Шрифт:
Интервал:
Закладка:
Удивление Ормонда прибавило в размерах — ещё бы, не каждый день подобное слышишь, пусть бы и от женщины, считающейся сумасшедшей.
В Филиппе явно боролись недоверчивое изумление, подозрительное озарение и отчаянная попытка трактовать слова Трины как-то иначе — сочетаемому предполагается жить со своей адарой долго и счастливо, а тут к прочим странностям добавилась чужая душа. Это вам не временная потеря памяти, это, по сути, другая личность и, если верить бывшей адаре, личность, застрявшая в этом теле всерьёз и надолго.
— Магда, можешь идти, — велела Трина.
— Но озейн Ферворт…
— Иди. И не беспокой нас, пока не позову.
— Слушаюсь, озел Ферворт.
Дверь за нашими спинами закрылась со стуком куда более громким, чем следовало бы. Трина поднялась, приблизилась, разглядывая меня то под одним углом, то под другим.
— Барахтаться прекрати, — неожиданно резко бросила она.
— Я не… — да я вообще ничего не делаю, стою на одном месте, даже пальцем не шевелю.
— Прекратишь — и плетение станет тоньше, ровнее. Иначе навяжешь себе узлов… той, другой, уже всё равно, она свою сеть в другом месте начнёт, а тебе с этими узлами жить.
— Той… вы имеете в виду настоящую… ну, прежнюю… душу? — спросила шёпотом.

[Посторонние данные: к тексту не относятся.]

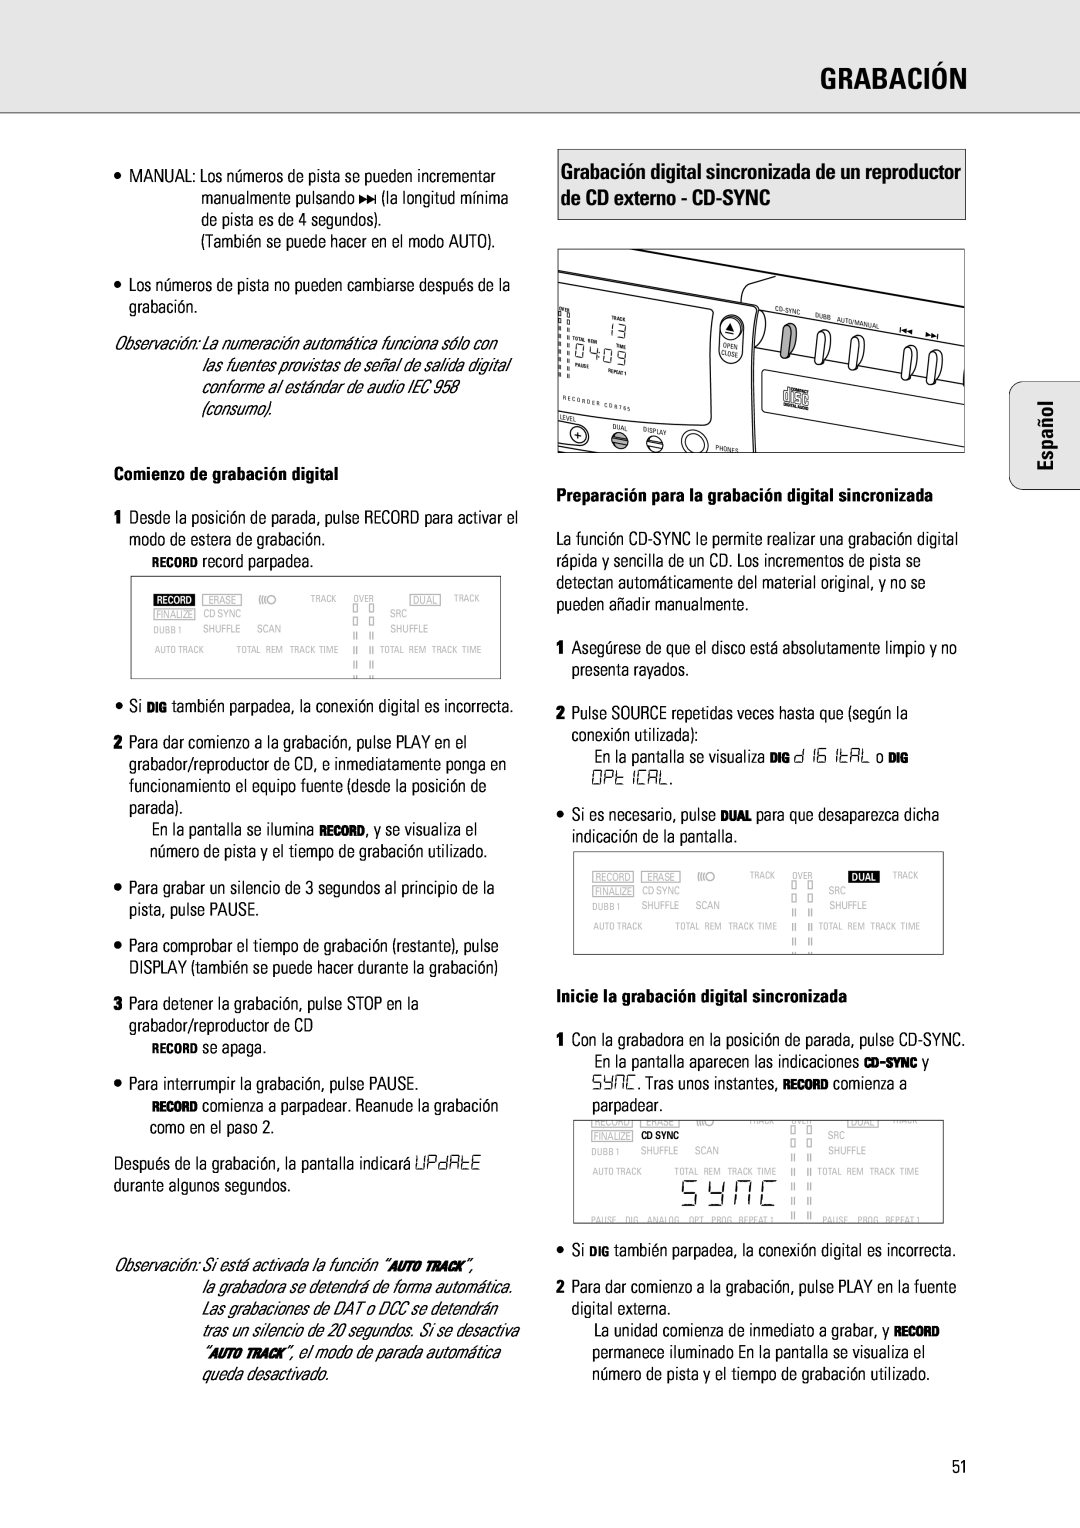 Philips 765 manual Comienzo de grabación digital, Inicie la grabación digital sincronizada, Grabación, Español

Жаль, не предложила мужчинам выйти вслед за служанкой. Говорить свистящим шёпотом, понимая прекрасно, что Филипп и Ормонд всё равно слышат большую часть беседы, было не слишком-то удобно.
— Она ушла.
— Куда?
— Туда, куда нити её увлекли.
— Она… умерла? Или мы телами поменялись?
Трина безразлично пожала плечами, будто в её представлении смерть и обмен телами с человеком из другого мира были событиями равнозначными.
— А я? Мне-то что делать? — всплеснула я руками. — Я, между прочим, перемещаться нормально не могу. Выпадаю рандомно то на перепутье, то в другой домен, а после не могу ни обратно вернуться, ни понять, что, как и почему произошло.
— Потому что барахтаешься и путаешь.
И разговаривать с этой адарой не шибко легче, чем с Ярен.
— Как перестать барахтаться?
— Не барахтайся.
Млин, да проще простого! Как я сама до сей гениальной мысли не додумалась, а?
— Ты здесь и сеть свою начала здесь. И сочетаемые твои тоже здесь. Мировая сеть велика. Очень велика, — Трина начала неспешно обходить меня кругом. Мужчины застыли изваяниями у двери, то ли не решаясь вмешаться, то ли опасаясь. — Безгранична. Она зовёт нас, подобная той силе, что побуждает птиц улетать в другие края в определённые сезоны. И чтобы не покинуть этот мир окончательно, мы избираем себе сочетаемых. Они — наш якорь, удерживающий нас под небесами этого мира. Оттого чем сильнее адара, тем больше сочетаемых она себе избирает. Они… пожалуй что заземляют её и её силы, — голос Трины стал звучать тише, монотоннее. — Ты пока ещё чужда миру и не слышишь зова, но со временем ты привыкнешь, закрепишь сеть и услышишь. Ты зовёшь её, и она откликается, развёртывается перед тобой, такая огромная, бескрайняя. Ты говоришь, куда желаешь попасть, и она указывает тебе путь, пропускает тебя через себя кратчайшей дорогой. Только в твоём теле, теле женщины, дочери Анайи, кроется искра дара. Только в твоей крови, пронесённой через многие поколения адар, сохранилась сила, наследие наших предков, первыми ступивших на эти земли.
Я слушала Трину, тщетно силясь отделить метафоры от советов, имеющих сколько-нибудь практическое применение.
Сети, зов, дар…
Как-то сложно всё.
— Все мы хотим убежать, — негромкий, убаюкивающий голос доносился словно со всех сторон разом и ниоткуда в частности. — Высокие и малые, сильные и бессильные, юные и изрядно уже повидавшие. Что нам стоит броситься в пучину этого огромного мира, что нам открыт? Быть сегодня здесь, завтра там и ни один перелом нам не преграда. Но день за днём мы делаем выбор, мы остаёмся, исполняем то, что должно. Добровольно привязываем себя к людям, местам, предметам, хотя по-настоящему нас не держит ничто, кроме сетей. Да и все они, люди, места и предметы, лишь соединение и переплетение нитей, развилки, узелки…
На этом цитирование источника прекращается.